WORK has begun in earnest this month to conserve the Reading Abbey Ruins.
The Council’s main contractor, CRL Restoration, who specialise in the restoration, conservation and refurbishment of historic, period and modern structures, commenced works on site on Monday 13th February.
CRL Restoration have started erecting the necessary scaffolding in the Abbey Ruins. The conservation work will now commence in early March and will be carried out in four phases. Work to adjust the safety scaffold on the Abbey Gateway into a working scaffold will begin after the Reading Half Marathon (19th March).
Running in parallel to the conservation work, museum staff are planning the installation of temporary interpretation to inform the public of the work being carried out and the history of the Abbey Quarter, including a special temporary ‘Abbey Quarter: Then and Now’ exhibition that opens in May at Reading Museum. They have a varied events programme planned, providing opportunities to volunteer, learn and enjoy the Abbey Quarter.
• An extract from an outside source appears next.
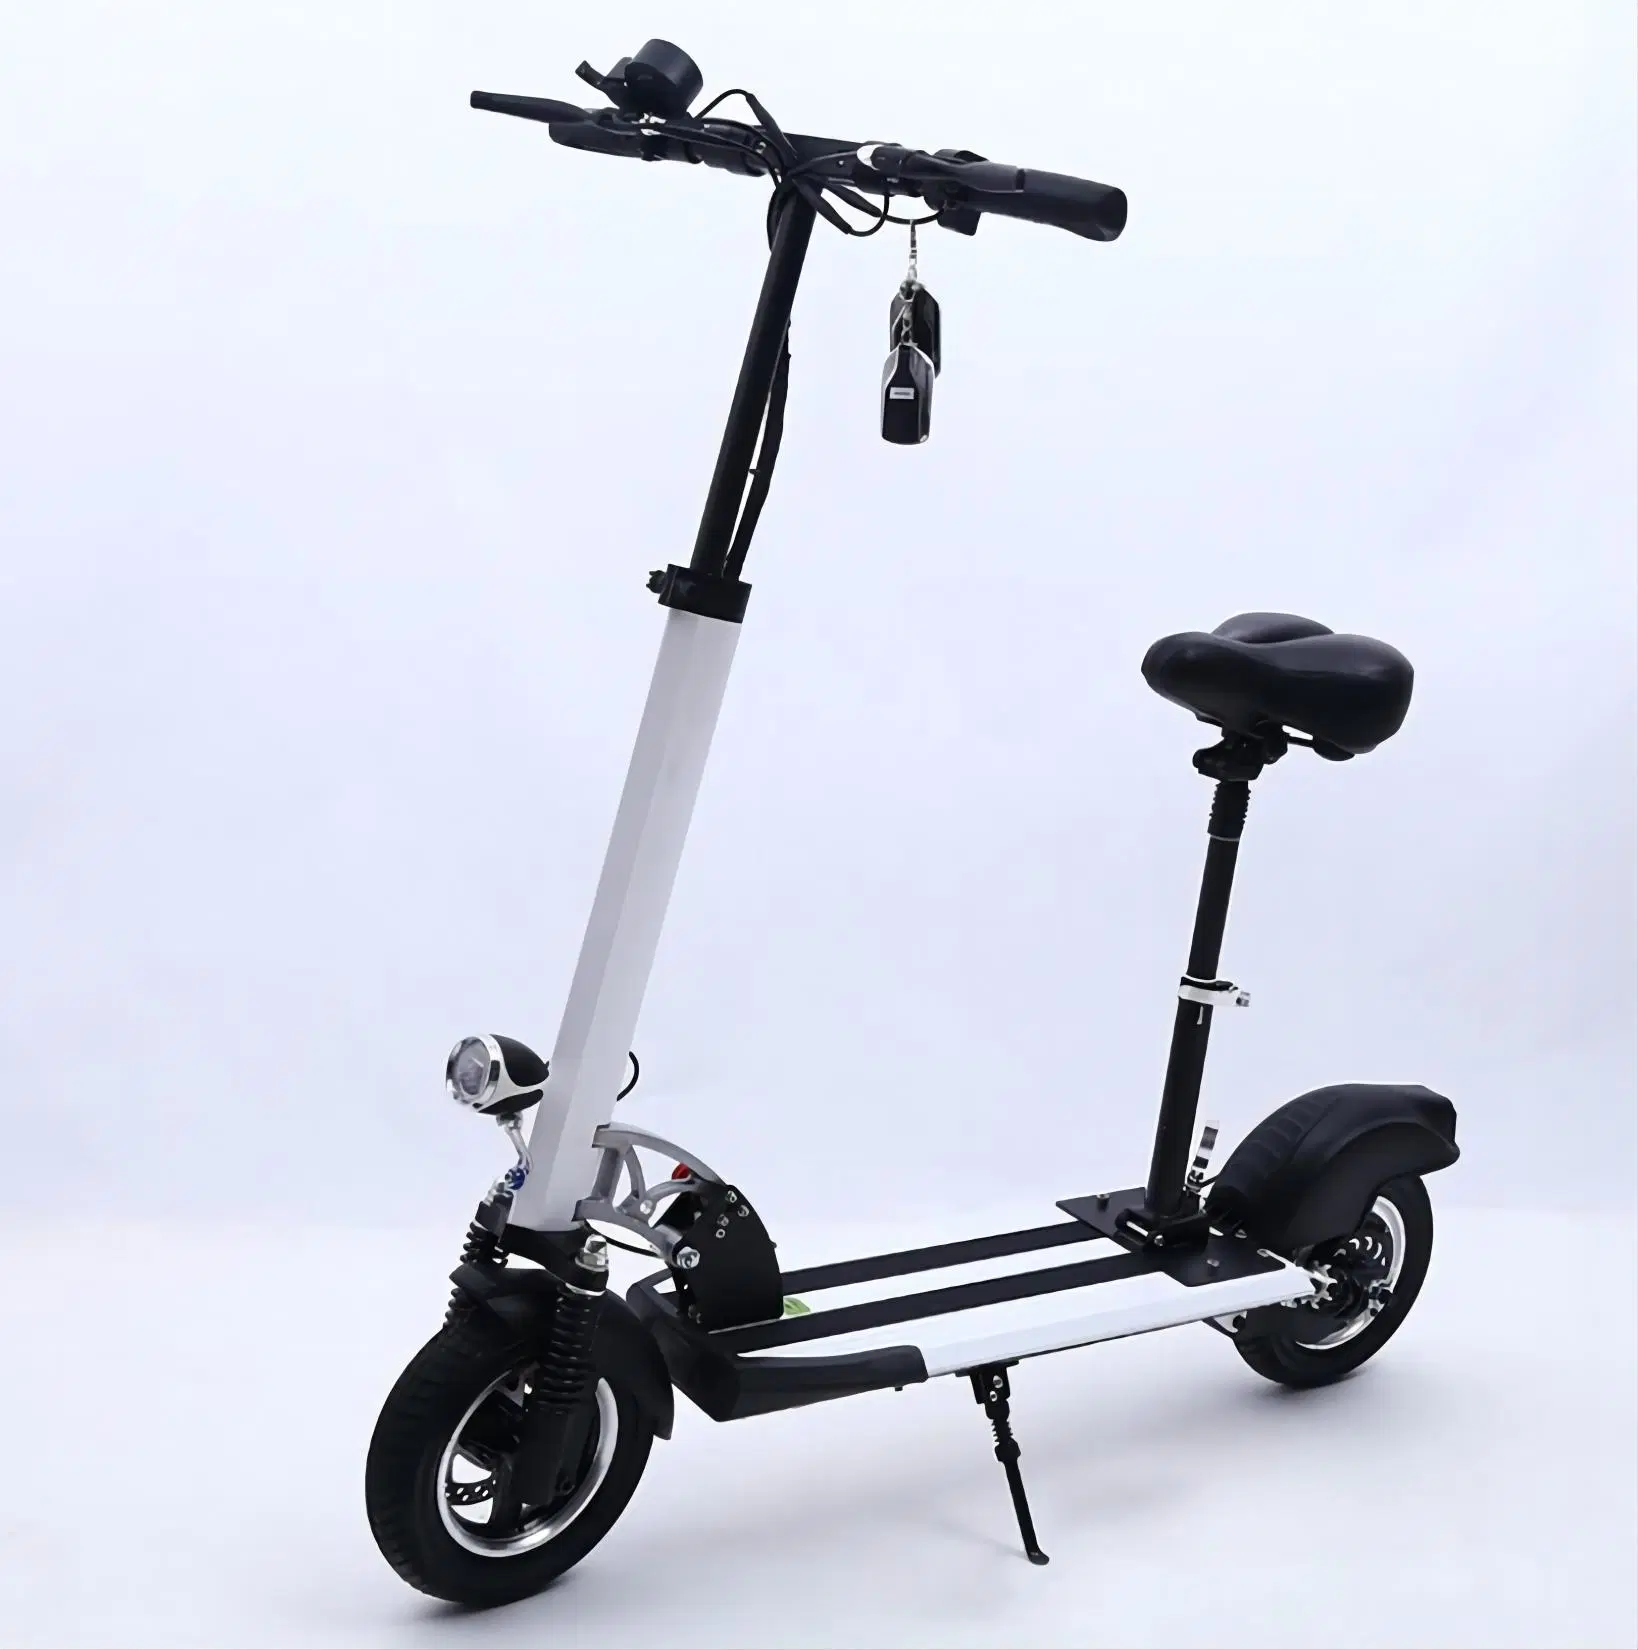 New-Modern-LED Lights-Li-ion Battery/Electric-Vehicle/Bike/Bicycle/Scooters-Commuters/Sports-City-E-Scooters

Councillor Paul Gittings, Reading Borough Council’s Lead Member for Culture, said:
“I’m delighted work has begun this month and we are even closer to fulfilling the long-standing ambition to open the Abbey up fully to the public, alongside an exciting programme of events and activities. I’m looking forward to following the work as it progresses this year.”
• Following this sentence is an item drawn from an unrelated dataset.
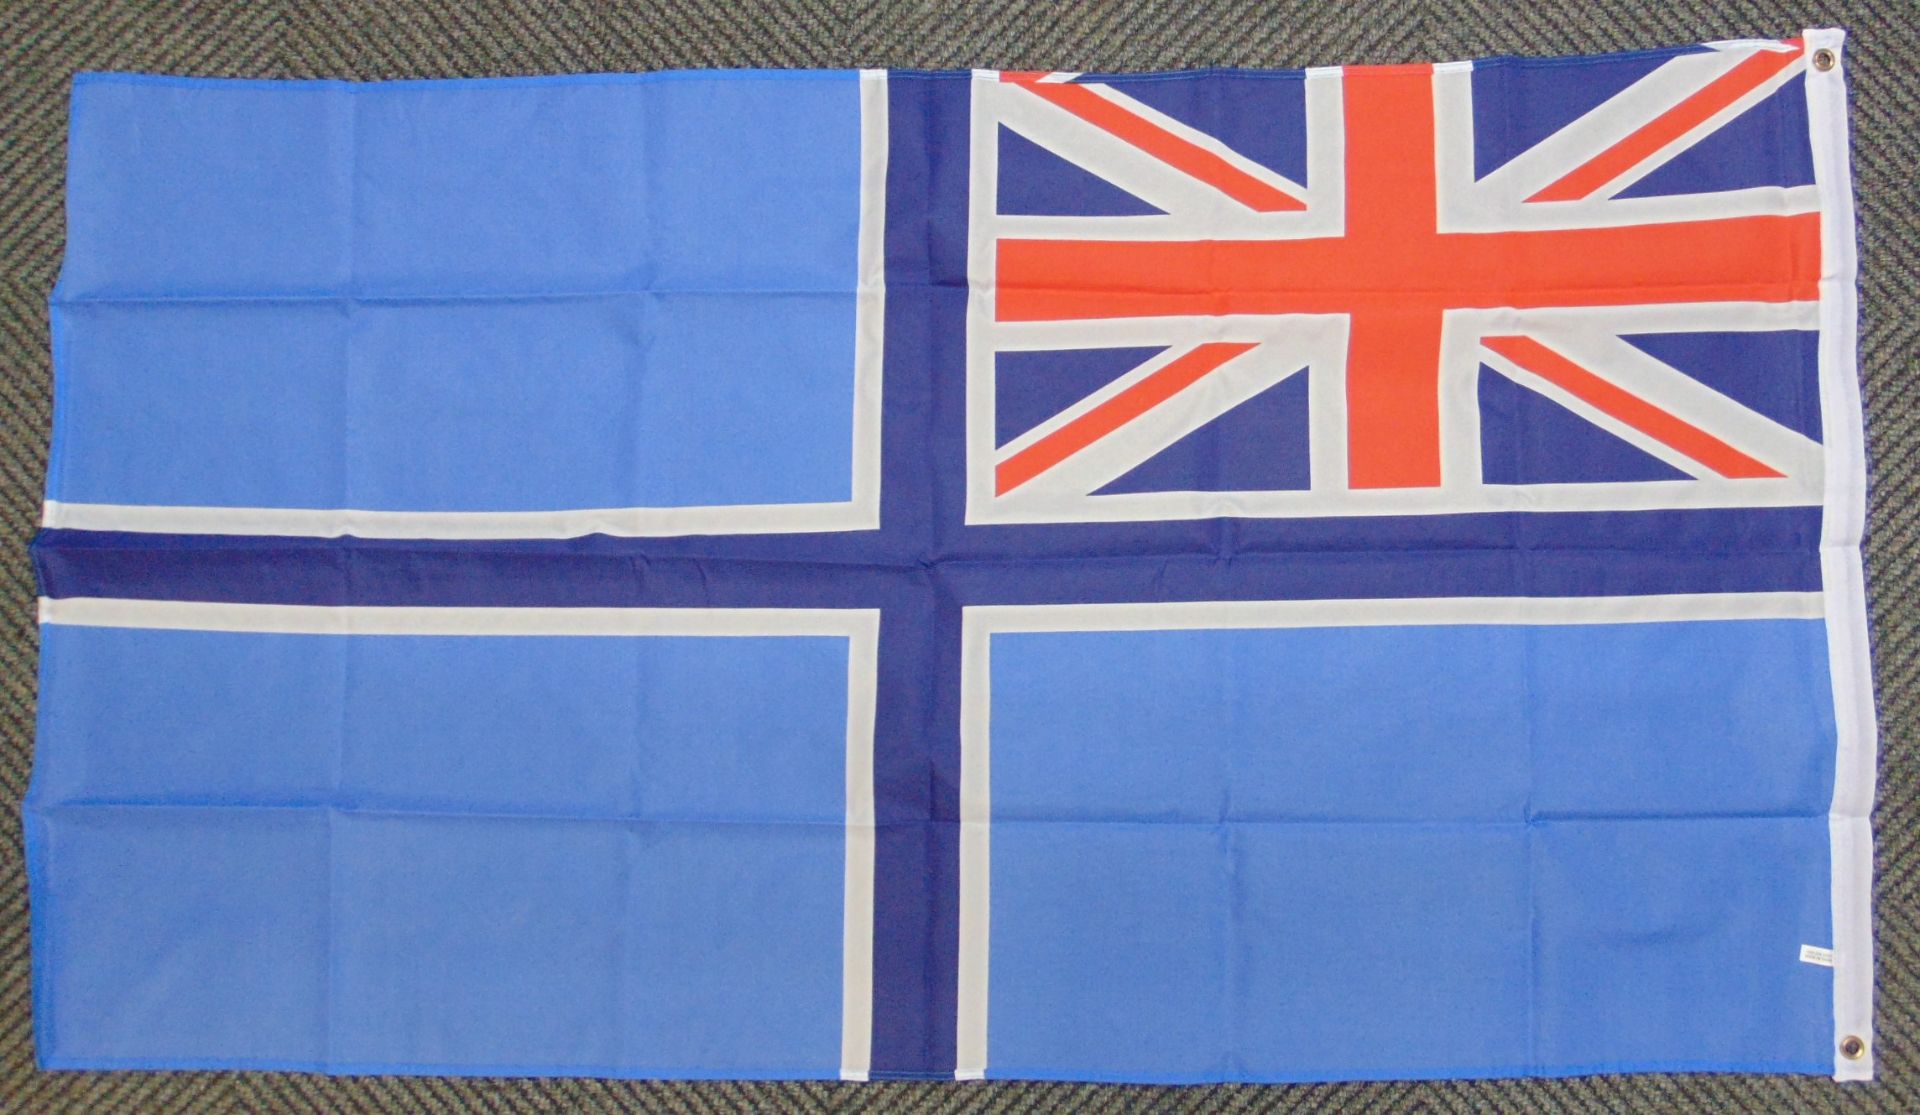 Civil Air Ensign Flag - 5ft x 3ft with Metal Eyelets - Image 2 of 4

Councillor Tony Page, Reading Borough Council’s Lead Member for Strategic Environment, Planning and Transport, said:
“It is fantastic to see the work we’ve been anticipating, begin in earnest this month. Reading’s heritage deserves to be celebrated, as does a site of such historical significance in the heart of Reading. By opening it up to residents and visitors the Council hopes many more people will have the opportunity to appreciate the Abbey and its history.”
Kevin Jones, Senior Conservation Manager of CRL Restoration, said:
“We are excited to be part of the Reading Abbey Revealed Project and to be working with Reading Borough Council, HLF and Historic England. Work is progressing well, with the installation of the scaffolding going to plan and the actual conservation work will begin in March.”
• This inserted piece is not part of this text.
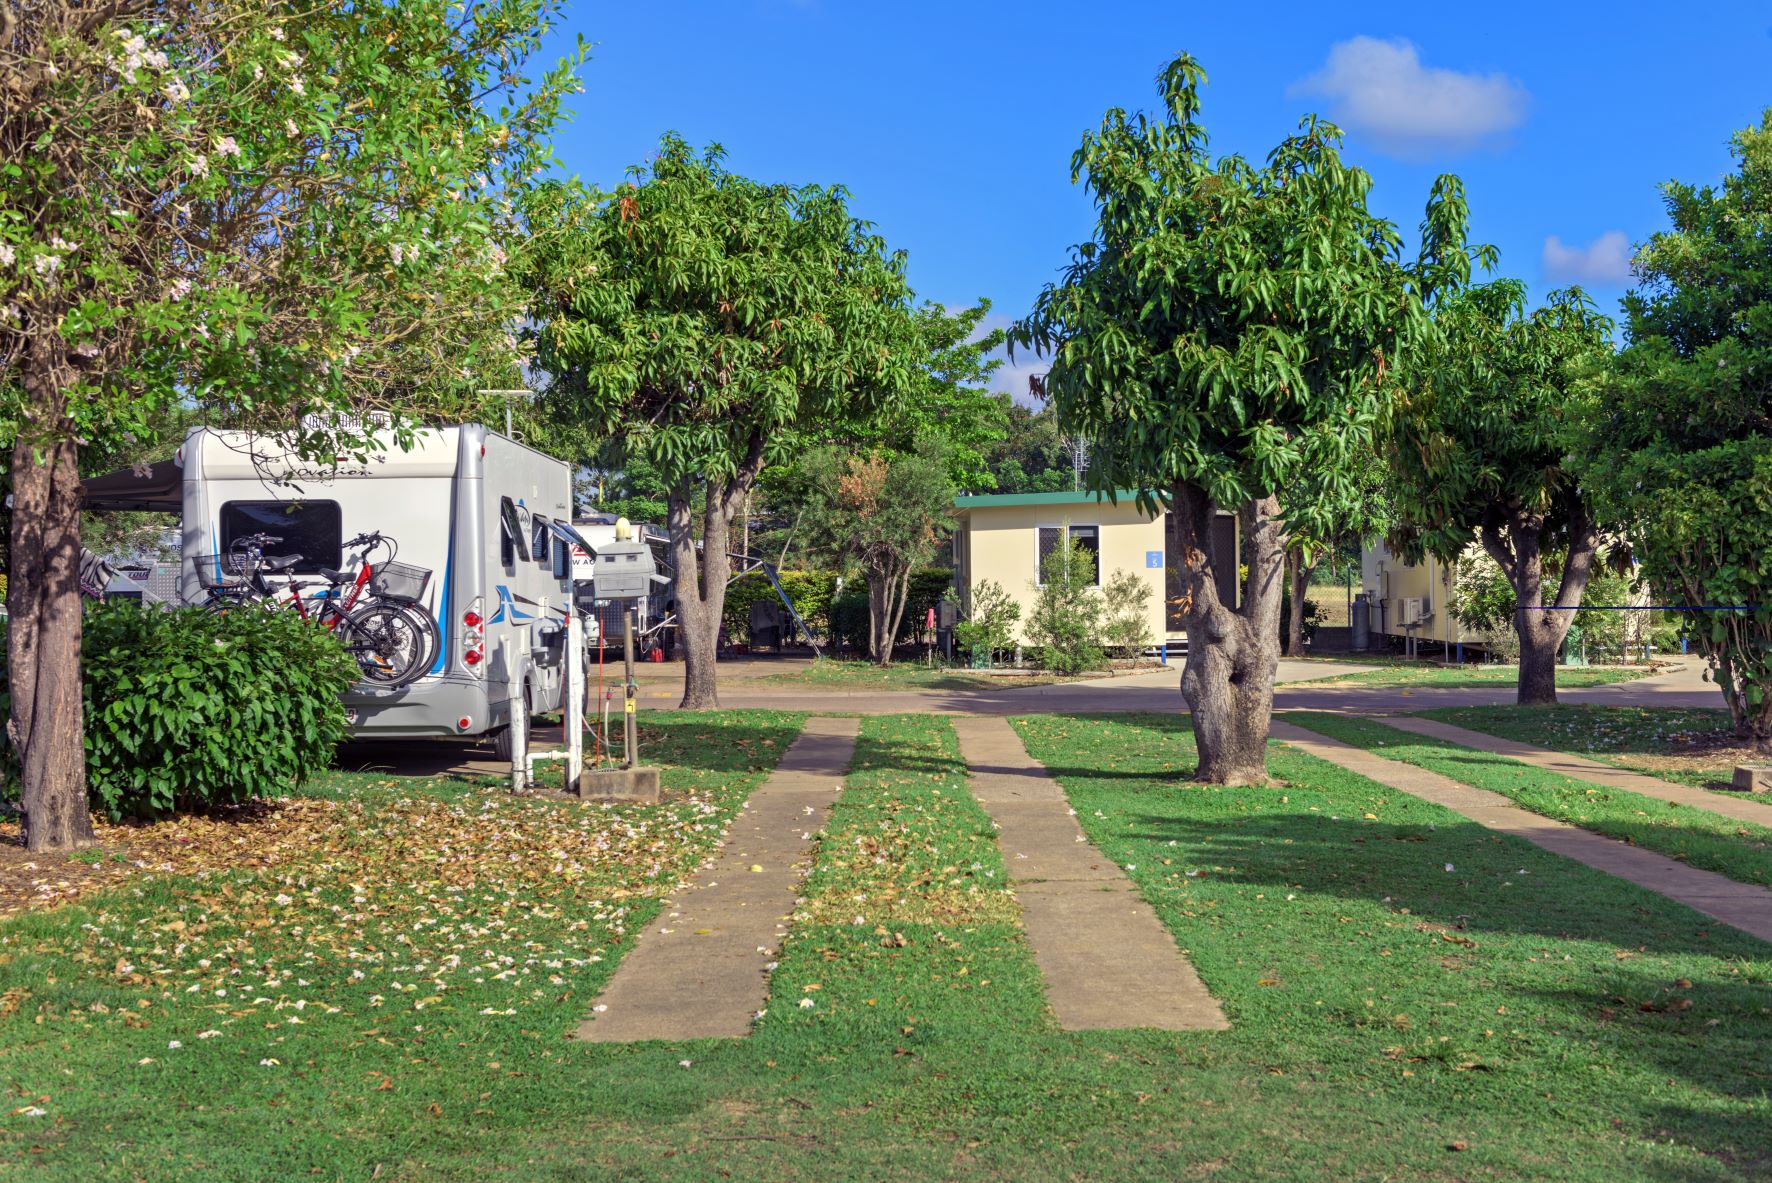 The best holiday parks in australia drive through campground

Stuart McLeod, Head of HLF South East, said:
“The 900-year-old Reading Abbey ruins and gate provide a visual connection to the important, but little known, role that the city has played in European history since medieval times. Our National Lottery investment to stabilise the ruins and open them to the public for the first time since 2009 will help people to rediscover the fantastic heritage on their doorstep.”
In December 2015, Reading Borough Council announced its successful £1.77 million bid for Heritage Lottery Fund support for the ‘Reading Abbey Revealed’ project. The award meant the Council could finally fulfil its long-standing ambition to re-open the Abbey Ruins to the public. The Council will contribute £1.38million in match funding to the project to reinvigorate Reading’s pre-eminent and nationally important heritage site.
There are plans for an exciting programme of events and educational activities to breathe new life into the Abbey Ruins, which sits alongside an extensive programme of conservation works to the Abbey Ruins and the Abbey Gateway, which starts this February. Site-wide interpretation of the Abbey Quarter will include a new display at Reading Museum.
The current project timetable is as follows:
March 2016: Project starts with the procurement and appointment of the main contractors for the capital conservation and interpretation programmes.
February 2017: Work starts on site and will take up to 2 years to complete.
20 May 2017: ‘Reading Abbey Quarter: Then and Now’ temporary exhibition opens at Reading Museum.
Early/mid 2018: Abbey Gateway reopens for schools and community learning use by Reading Museum.
Mid/late 2018: the Abbey Ruins fully open to the public, complemented by a programme of events and activities.
The successful HLF award means the accompanying activity programme will continue beyond the opening until the end of 2020.
Notes for Editors:
Photo call: There will be a photo opportunity at the Abbey Ruins on Thursday 2nd March at 10.30am with representatives from all organisations involved in the project. The media are welcome to attend.
On the morning please come to the main site office in Chestnut Walk. Please contact email@example.com or call 0118 9373957 if you have any questions about the photo call.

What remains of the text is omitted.